__Work instructions__: Your copy should begin with the line containing "Red Vibrant Rose, Beautiful, Rose, Macro, Petal, HQ", end with the line containing "3.0SMCJ20CA Datasheet, 3.0SMCJ20CA", match the listing below exactly, and contain no pictures.

__Provided data__:
# # # # #
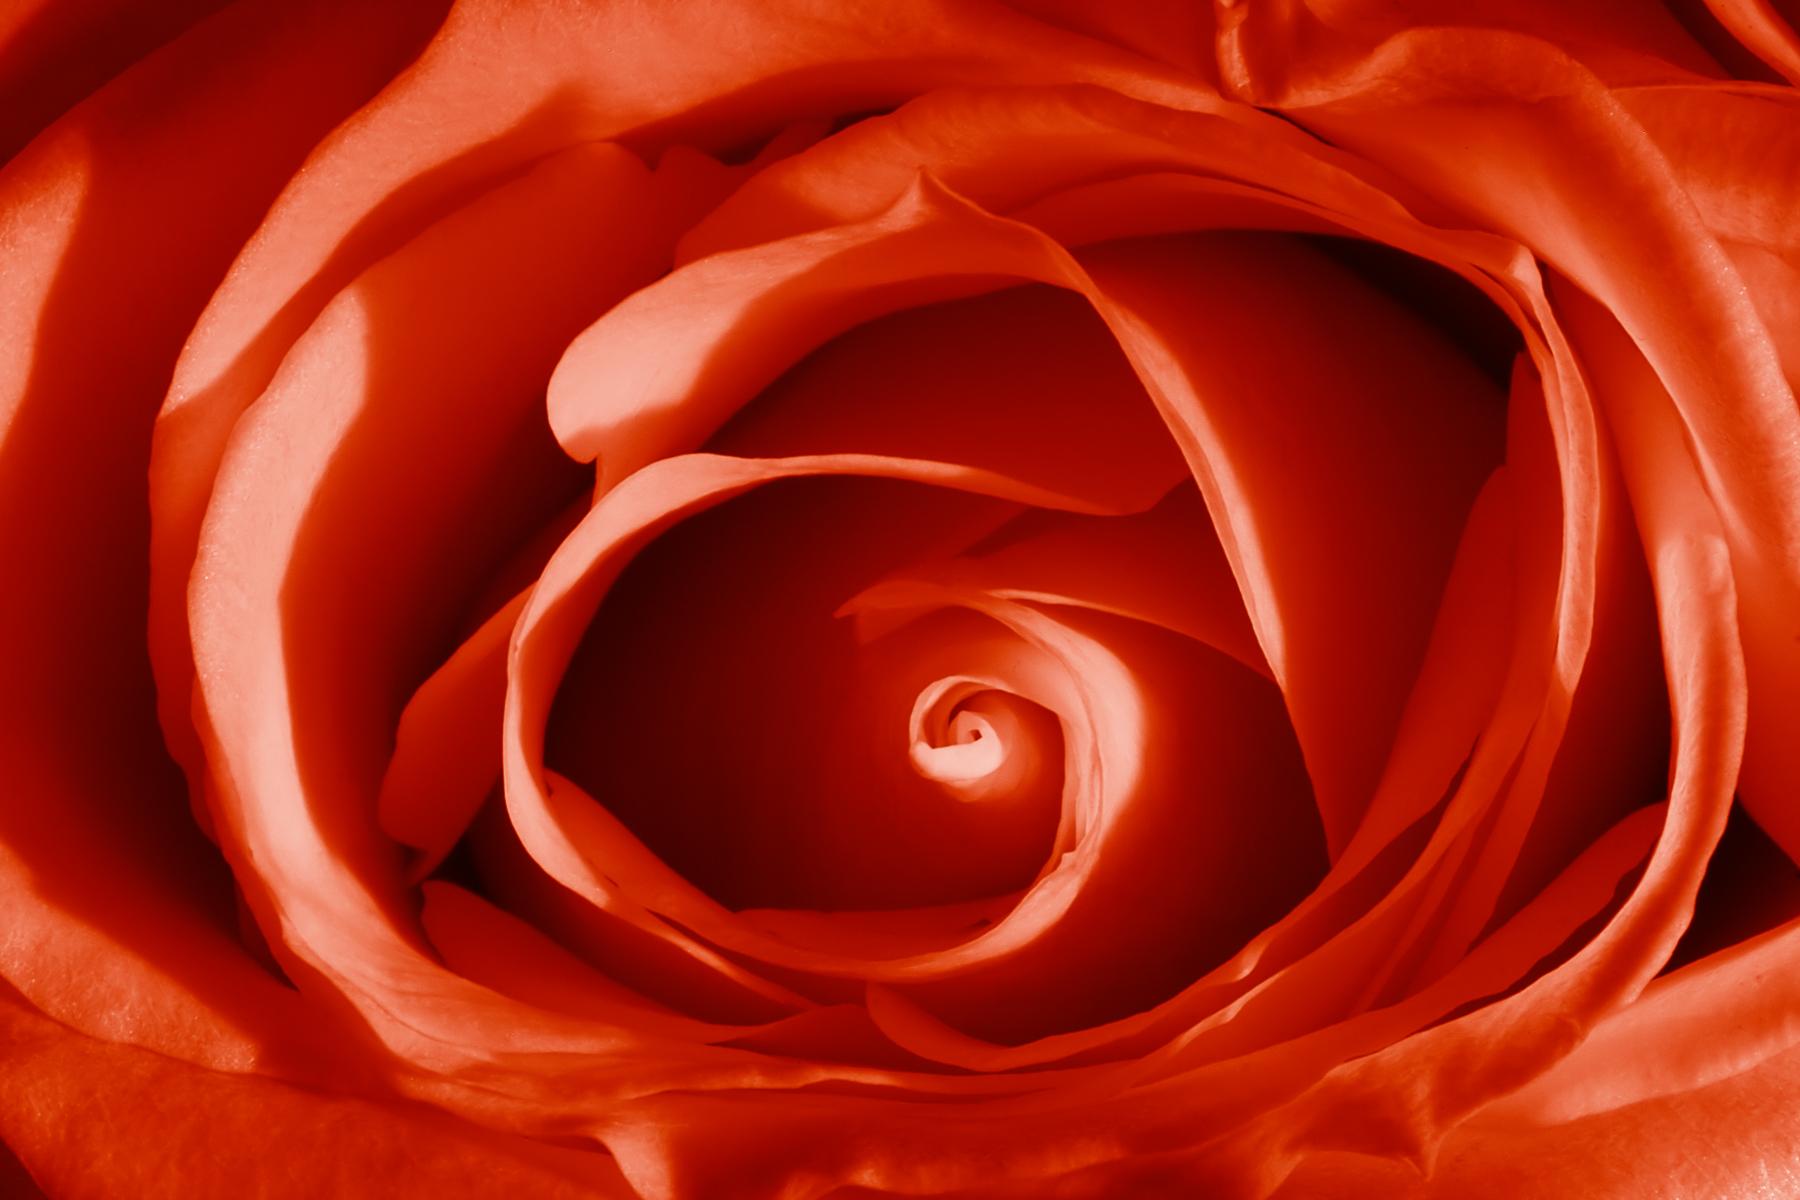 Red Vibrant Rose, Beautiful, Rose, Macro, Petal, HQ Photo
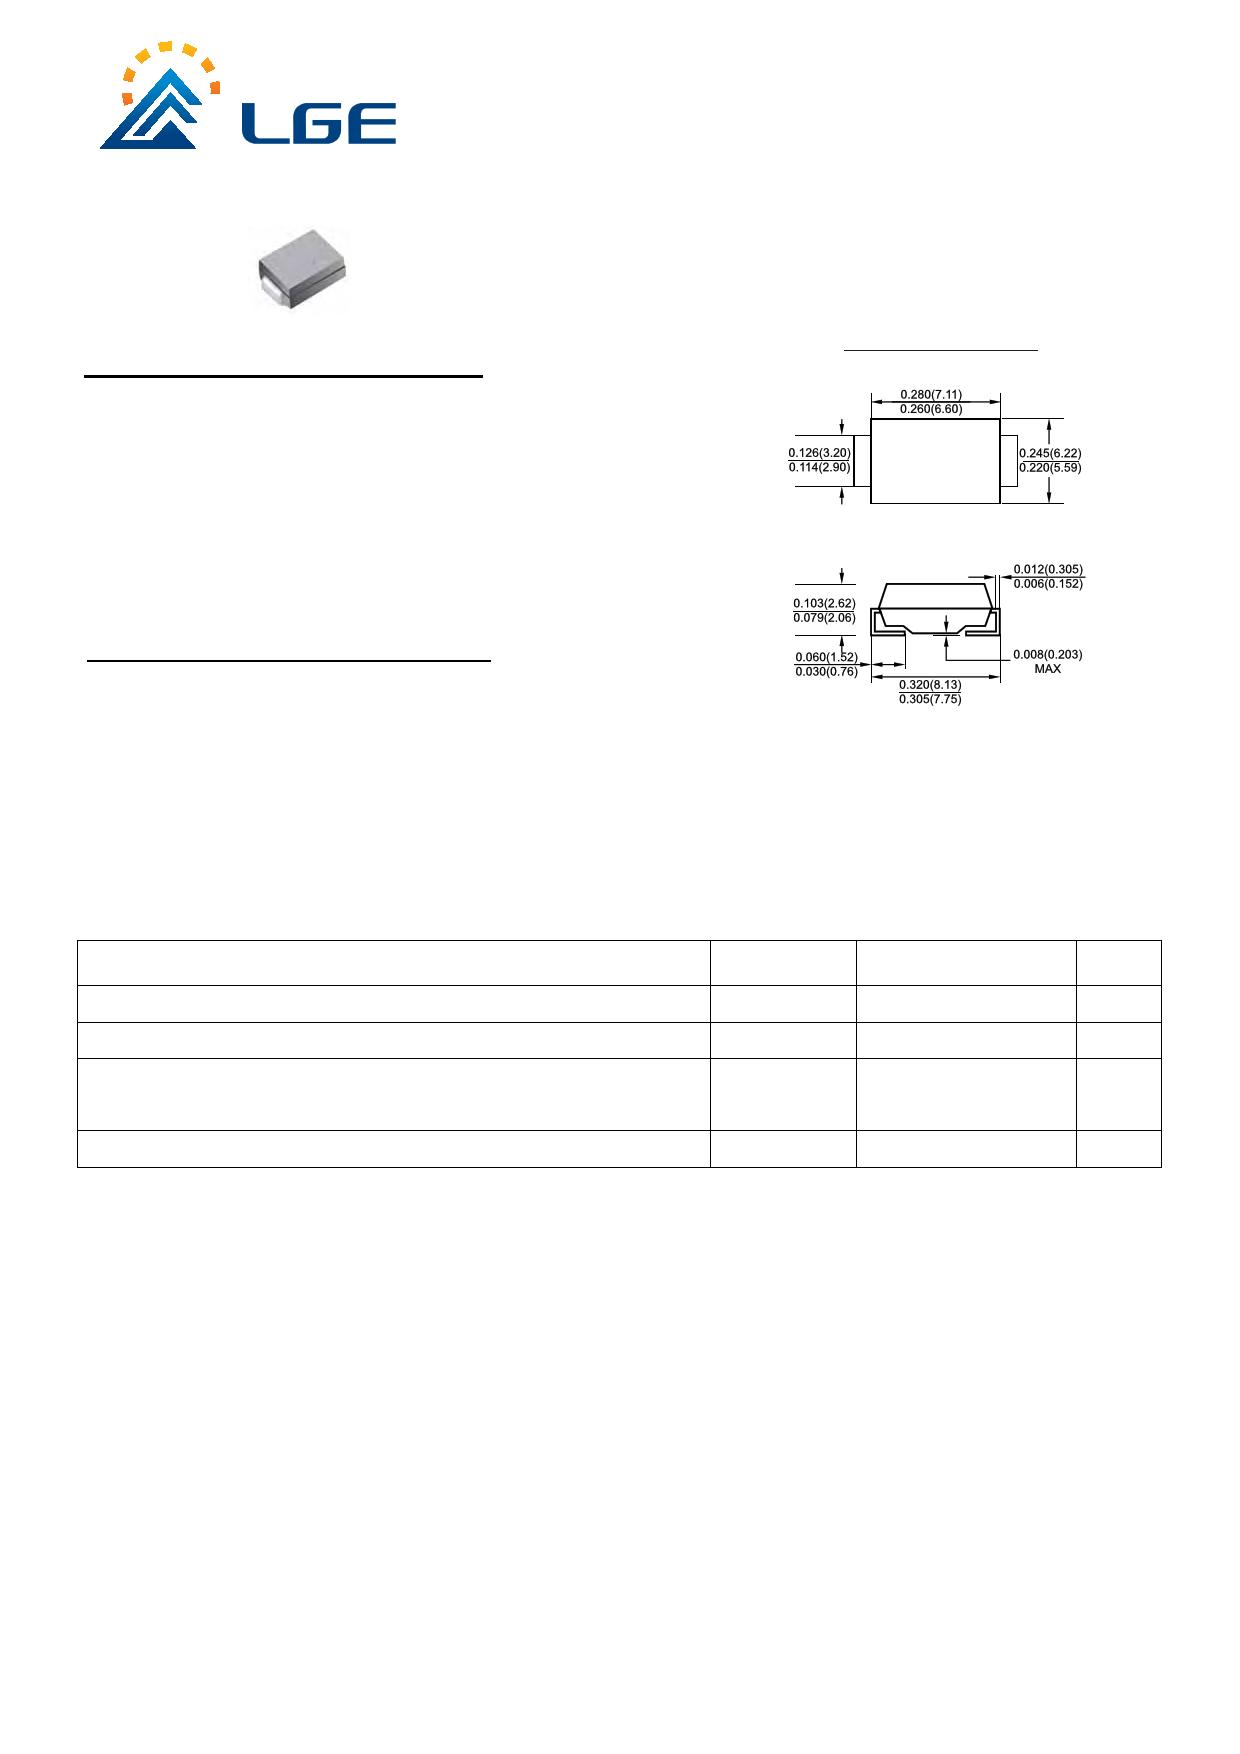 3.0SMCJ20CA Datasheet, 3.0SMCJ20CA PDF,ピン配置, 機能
# # # # #
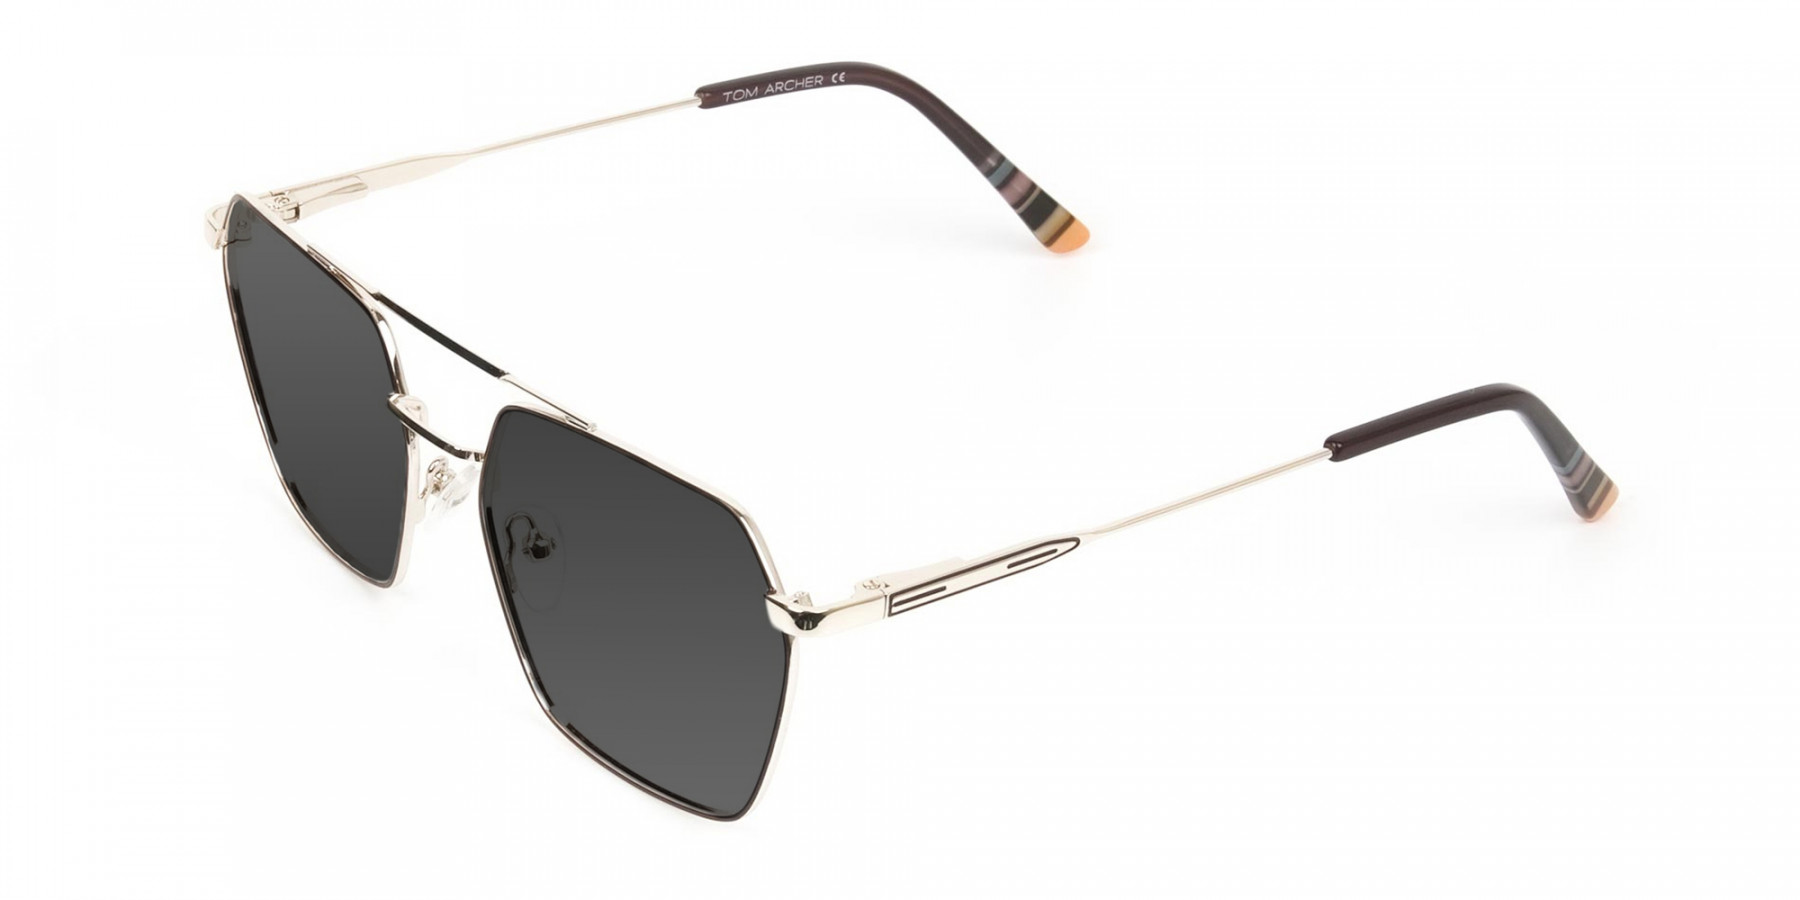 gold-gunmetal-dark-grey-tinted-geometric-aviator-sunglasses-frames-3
# # # # #
__Problem solution__:
 Red Vibrant Rose, Beautiful, Rose, Macro, Petal, HQ Photo
 3.0SMCJ20CA Datasheet, 3.0SMCJ20CA PDF,ピン配置, 機能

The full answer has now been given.